Persistent pain, early contractions or reduced baby movements
Seek urgent review for constant severe pain, or if contractions start regularly before 37 weeks (closer than ten minutes apart).
After 28 weeks, a noticeable drop in baby movements also warrants same‑day advice.
Bleeding, fever, vomiting or painful urination
Call for help if pain comes with vaginal bleeding, fluid loss, fever, persistent vomiting or painful passing of urine.
New swelling or redness over a painful area may signal infection and needs prompt assessment.
Specific right‑sided or upper abdomen warnings
Right upper abdominal pain with severe headache, blurred vision or breathlessness could be pre‑eclampsia and needs same‑day attention.
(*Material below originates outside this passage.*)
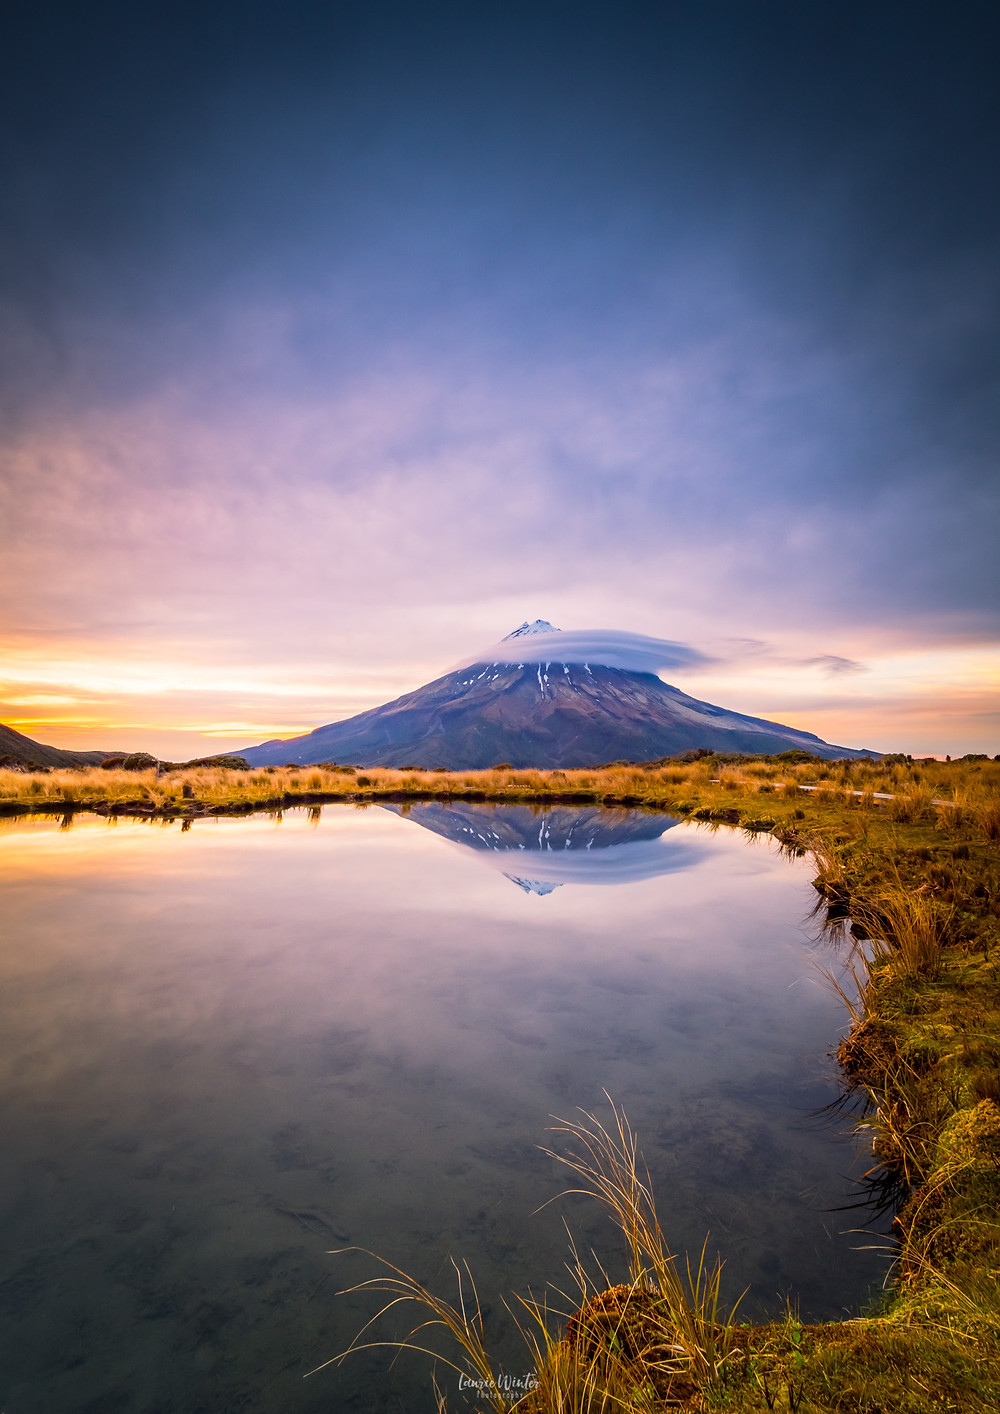 Sunrise with Mt Taranaki reflection in Pouakai Tarn beautiful
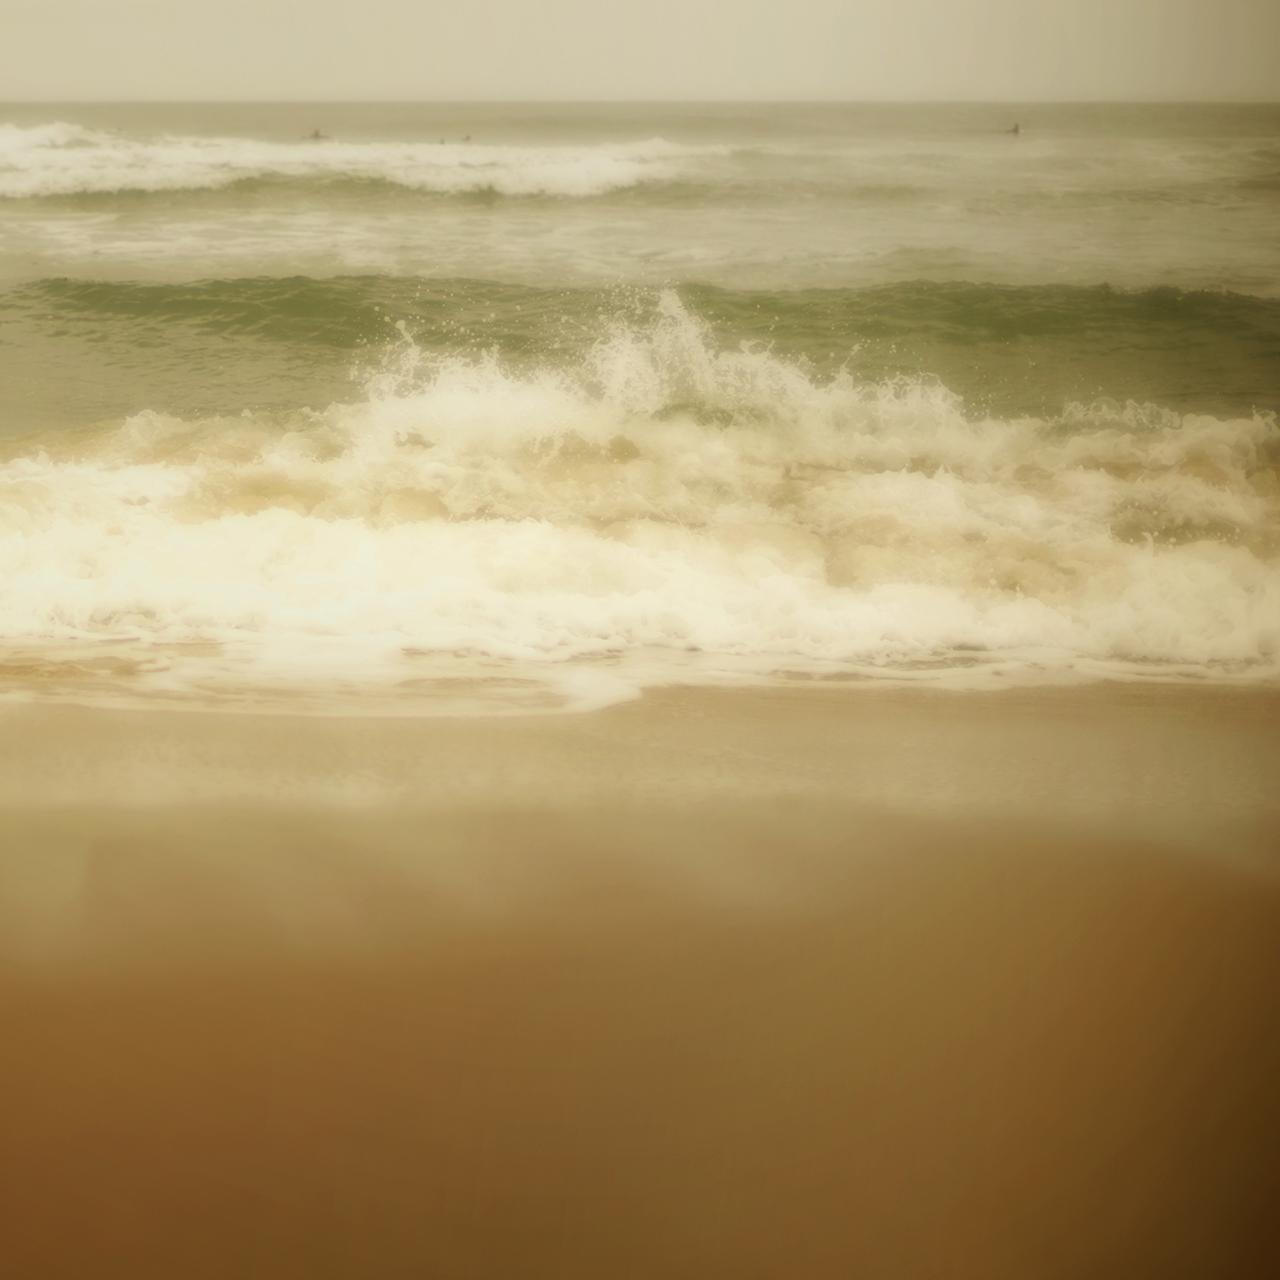 The-wave-2sur2-julien-baillargeon-2017-web.jpg

Right lower abdominal pain with fever, nausea and vomiting may indicate appendicitis. Sharp upper right pain after meals with nausea can suggest gallstones.
- Quick checklist: note timing of contractions, which side the pain is on and any extra symptoms.
- Ring NHS 111, the maternity unit or your midwife if unsure — better to get assessed early.
Round ligament pain usually eases with rest and warmth and does not cause bleeding, fever or ongoing vomiting; the presence of those signs needs escalation.
Conclusion
Conclusion
Many episodes of brief lower abdominal pain are due to normal changes in how the body supports the growing baby. Round ligament pain and similar ligament pain often improve with simple self-care and time.
Move more slowly, support the bump when changing position and use warmth on the area to ease discomfort. Adopt supportive resting positions and keep gentle activity and posture checks as part of daily care.
Most causes are not dangerous. However, act quickly for concerning signs such as contractions before term, bleeding or reduced baby movements. Clear information about symptoms helps health teams give prompt advice and reassurance.